И конечно же в малопонятных спорах отца с дядей Митей, маминым братом, он неизменно брал сторону отца. Дядя называл восхищение храмами и соборами «поповским пережитком», а отец, распаляясь, доказывал, что «мастер бога пережил»: «Ты пойди, пойди на рассвете к Василию Блаженному. Что испытаешь? Радость и гордость, что человек такое вот сотворил. Не бога он строил, а мечту свою возводил… Хотел от всего мелочного, суетного оторваться… Воспарить душой!
Спор этот многократный разрешился значительно позже. В ту пору Климов уже был студентом. Дядя получил назначение на Дальний Восток и свою дачу в Подмосковье оставил им с матерью. Перед самым отъездом он был у них и попросил племянника показать на прощание все, что «наработал». Тонким ценителем искусств дядя справедливо себя не считал, но с высоты своего возраста и генеральского положения не стеснялся делать замечания или даже похвалить с некоторым удивлением: мол, смотри-ка, и он может… А когда взял в руки этюд собора Василия Блаженного, освещенного утренним солнцем, задумался. На стул поставил, отошел на несколько шагов и все вглядывался. Не скоро заговорил. И уже совсем иным тоном, как бы продолжая раздумывать вслух:
— Да, прав был, пожалуй, Павел, прав… Бог рукой мастера водил, а тот не его имя вековечил… Пережил мастер бога, пережил… И мы не святым поклоняемся, а святое чтим. Ты знаешь, когда после войны я первый раз на Красную площадь ступил, слез удержать не мог. И возле него вот, — он кивнул в сторону этюда собора, — долго бродил… Мы ведь и его защищали… И какой кровью… Отца твоего вспоминал. Не успел Павел свою мечту возвести…
В ту самую минуту, когда Климову еще слышался голос дяди, хрипловатый, западающий от волнения, и ему казалось, что он вот-вот доскажет какую-то важную-важную для него мысль, — в эту самую минуту и громыхнул дверью новый пассажир, приведший его в такое смятение.
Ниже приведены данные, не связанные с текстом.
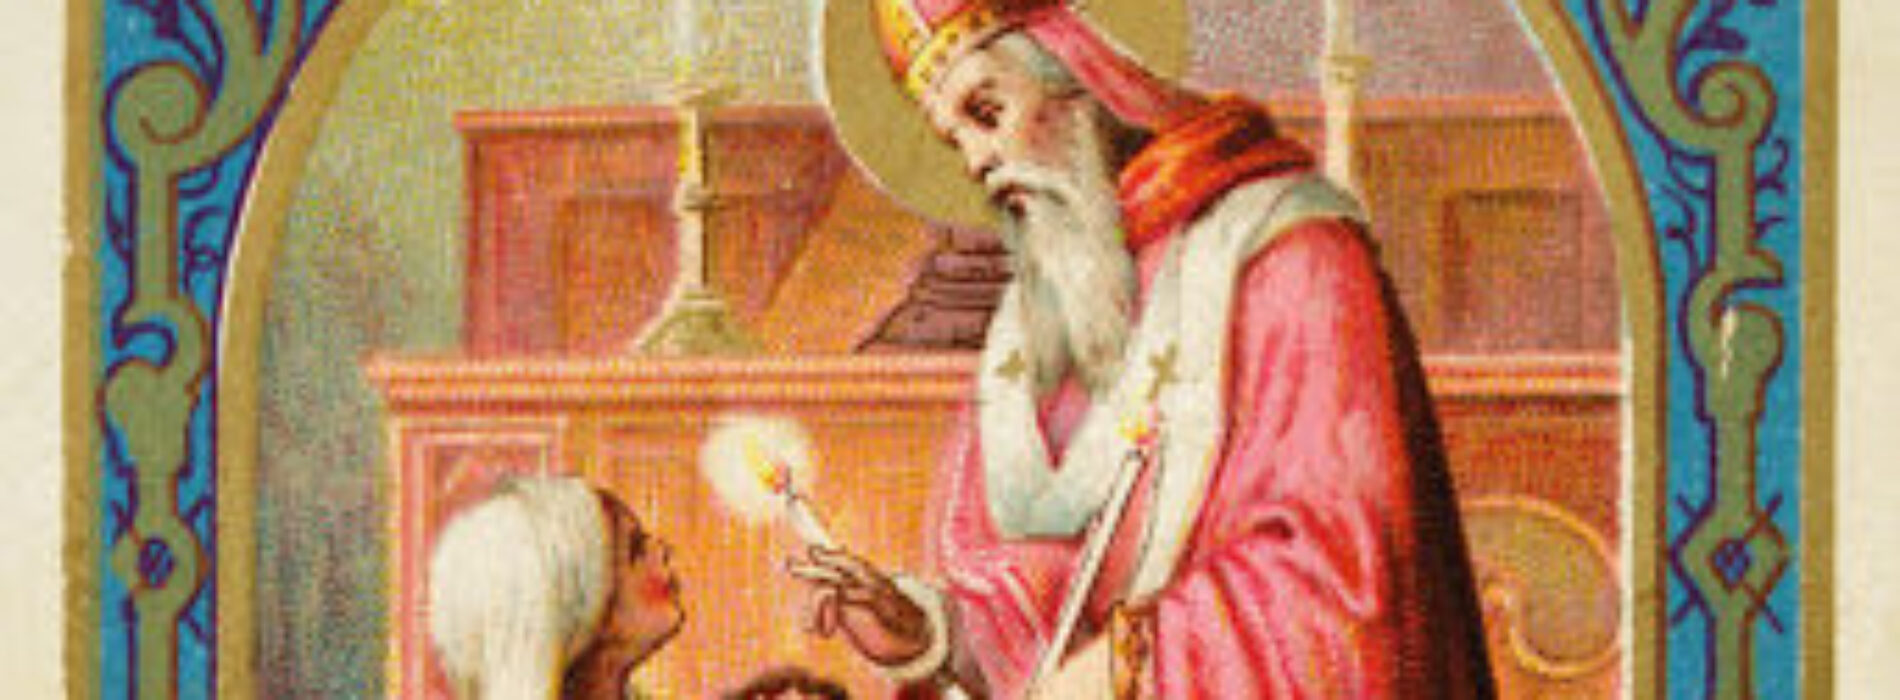 San Biagio, il vescovo martire invocato per proteggere la gola
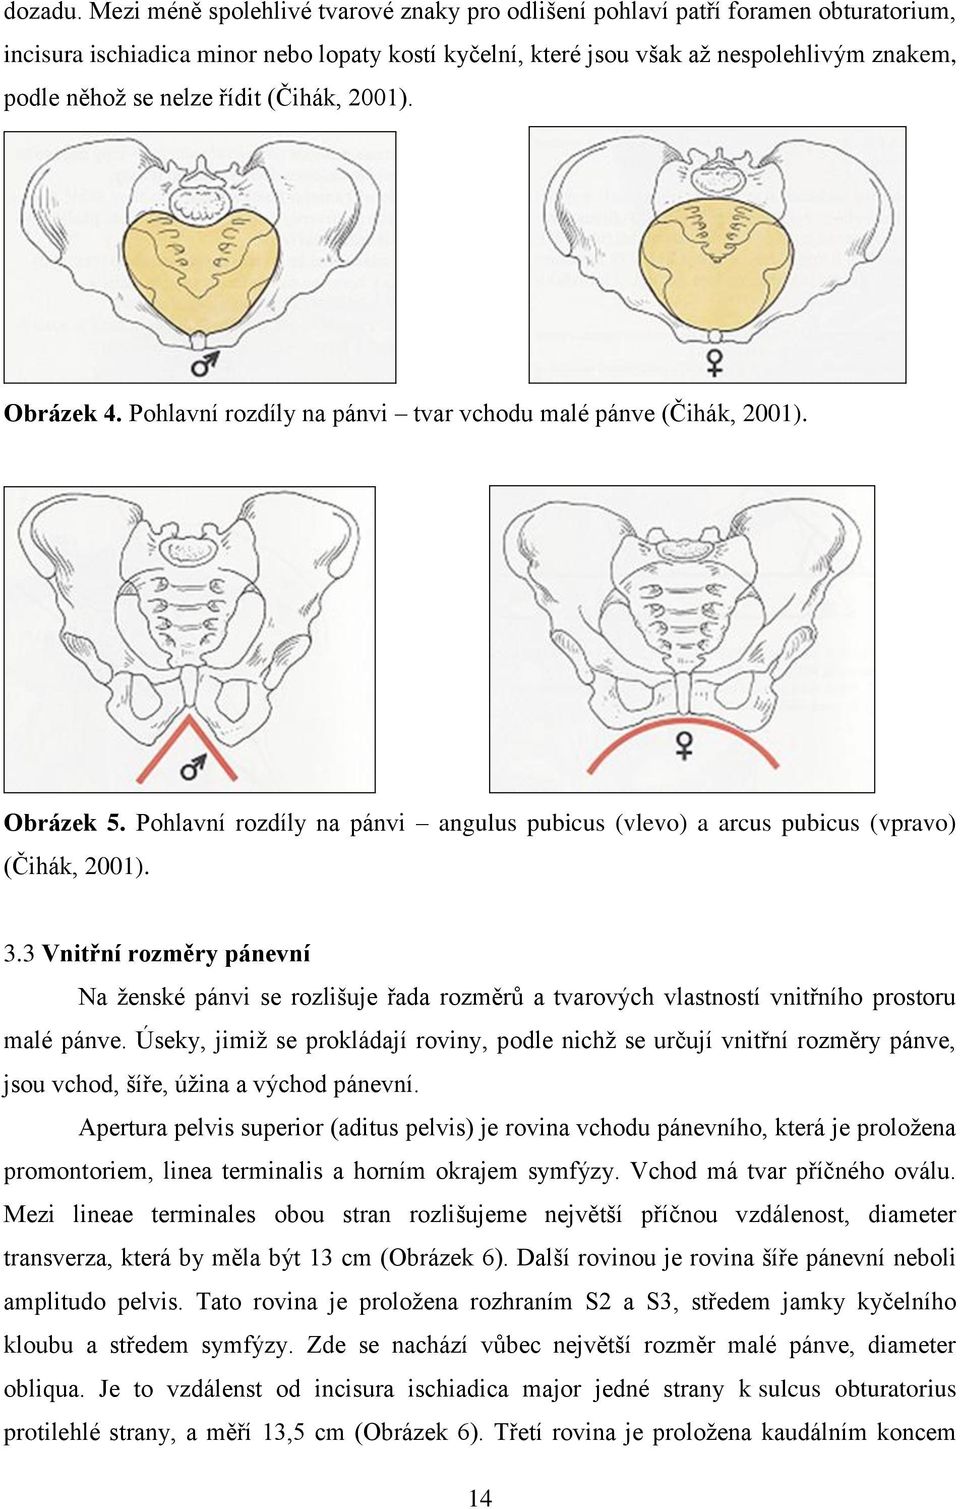 řídit (Čihák, 2001). Obrázek 4. Pohlavní rozdíly na pánvi tvar vchodu malé pánve (Čihák, 2001). Obrázek 5. Pohlavní rozdíly na pánvi angulus pubicus (vlevo) a arcus pubicus (vpravo) (Čihák, 2001). 3.

Откинувшись к стене, Климов еще пытался вернуть в памяти голос дяди, чтобы от него дотянуться до ускользающей мысли, но лишь поймал себя на том, что до неприличия пристально следит за вошедшим… Он сделал над собой усилие и вернул руки на стол и снова стал смотреть в окно, на проплывающий мимо перрон, но взгляд его непроизвольно то и дело возвращался в купе и успевал отмечать:
«Коричневый баул увесисто скользнул по полке. Значит, не в командировку. Отдыхать».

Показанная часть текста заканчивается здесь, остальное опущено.